Sophie wil natuurlijk ook dat heg goed gaat met de zeehond maar is dus tegen het opvangen. Dat helpt de zeehonden volgens haar niet, en brengt ze zelf in gevaar.
“Als je ze redt, breng je misschien wel nieuwe ziektes in de populaties en een ander gevaar is dat dieren die een kleine afwijking hebben, dat je die redt, en dat je die heel sterk maakt door heel goed eten te geven en heel gezond te maken en die laat je dan vrij en die kan dan kindjes krijgen die dezelfde afwijking hebben.”
Om die redenen is het wel of niet opvangen voor Sophie een heldere keus.
“Het is of die ene zeehond die je dan misschien redt, of de hele groep die je daarmee in gevaar brengt. Dus tussen die twee moet je kiezen en als ik voor die keuze sta, zou ik toch voor de hele groep kiezen.”
Het is trouwens ook niet zo dat Just maar elke aangespoelde zeehond naar zijn opvang wil halen.

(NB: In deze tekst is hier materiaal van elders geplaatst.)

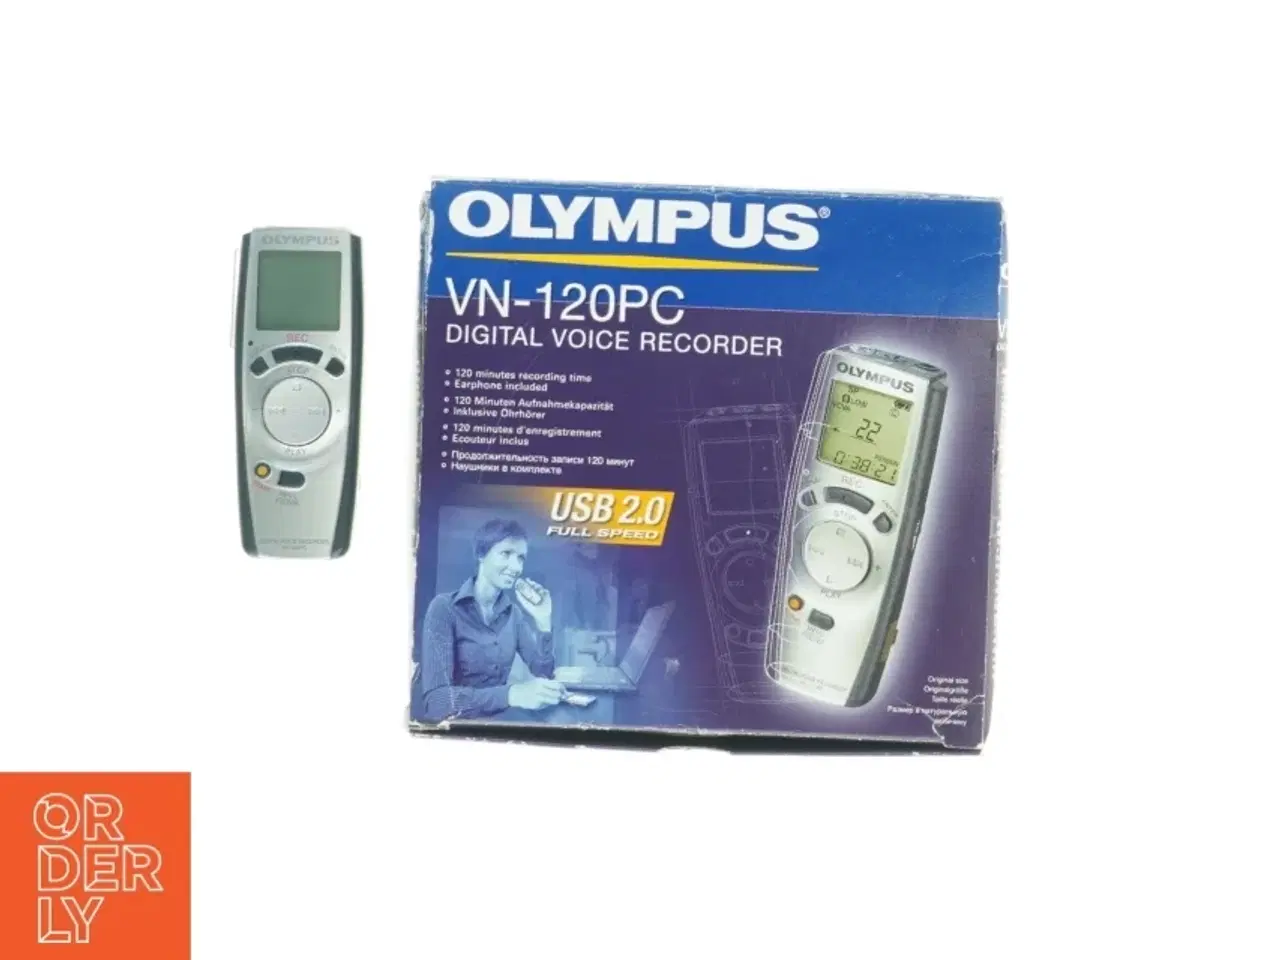 Billede 1 - Olympus VN-120PC Digital Voice Recorder fra Olympus (str. 10 x 4 cm)

“Wat moet ik nou doen als ik een zeehond op het strand zie liggen?“
“Niks, gewoon lekker laten liggen. Wij liggen ook wel eens op het strand, gewoon voor ons plezier. Dat kan bij hem ook zo zijn, misschien is die op zijn broer aan het wachten, of op de rest van zijn familie. Als ie nou een hele tijd daar ligt en hij beweegt niet meer en er is iets, dan moet je ons bellen. Dan komen we kijken of er echt iets aan de hand is en dan nemen we hem mee.”
“Maar als ie gewoon aan het chillen is, is er niks aan de hand.”
“Als ie gewoon ligt te liggen, laat lekker liggen.”
Niet weer de sjaal van je hè. Dat gaat niet werken, ik zeg het je. Ze moeten die sjaal van je niet.
“Ik weet niet hoe het bij jou zit, maar als ik een dier in nood zie, wil ik helpen. Dat gaat automatisch. Er is wel verschil tussen het helpen van de kat van je buren of een wilde zeehond. De buren zijn heel blij als je hun ‘pantertje’ of ‘mitsie’ thuisbrengt, maar in de natuur ligt het toch even iets anders. Door wilde dieren te veel te verzorgen, kun je de natuur in gevaar brengen. Maakt het toch wel erg lastig.”